Practices in the morning in low temperatures are quite hard for players and can even hurt their performance. In contrast, practice in the afternoon suits their health and helps them perform with fresh energy. Last year, Texas Tech benefited from that change, as they not only won the conference title but also made their first-ever appearance in the CFP. But Nebraska wasn’t aware of that change and faced a huge hurdle.
“We went to Maryland and played a 3:30 game. You know, got back at whatever time and played the following Friday at Minnesota and got whooped. Went to Penn State and played a night game. Came back and played the following Friday morning and got whooped. And it was like, there’s a lot to this league. There’s a lot more travel than we realized,” added the Nebraska head coach.
“So how do we do a better job of being fresher at the end of the year while still also being good? Do we have to practice differently?

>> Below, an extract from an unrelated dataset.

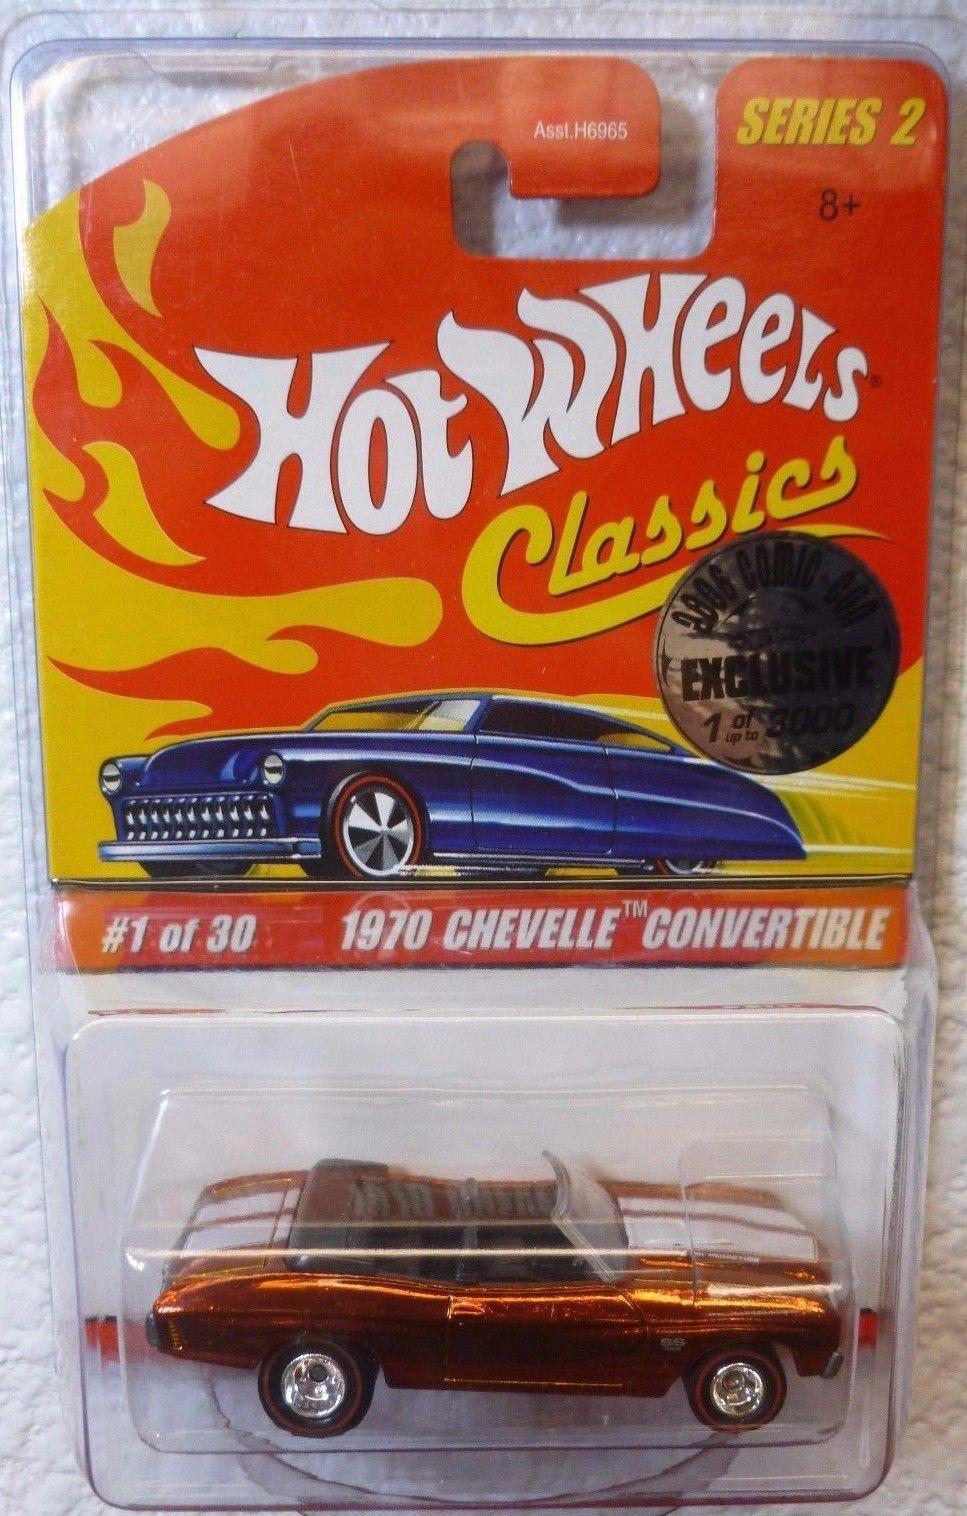 2006 Comic Con Hot Wheels Classics Series 2 1970 Chevelle Chevelle Chevelle Converdeible 5204d3

Do we have to monitor things differently? So we moved afternoon practices. November, it can be 10 degrees in the morning. It can be 35 in the afternoon, and we’re going to go outside.”
Sports science work on time-of-day training shows performance in speed and power tasks tends to be lower in early morning and higher in the afternoon as body temperature and hormone levels rise. For a team dealing with late returns from road games, later practice windows can help players train closer to their daily peak instead of fighting an early-morning dip.
This season, the Huskers will face programs like Maryland, Indiana, Oregon, Illinois, Washington, and so on. In Year 4, Rhule needs consistent wins and a healthier finish to the season to meet expectations in Lincoln. If the Big 12 team strategy works for Matt Rhule’s Big Ten team, it will be a major fix for the Huskers’ problem to keep players healthy and show full potential on the field.
If the afternoon plan does not show up in late-season results, pressure in Lincoln will grow. But by moving practice time, Nebraska is betting it can stay fresher when Big Ten trips hit hardest.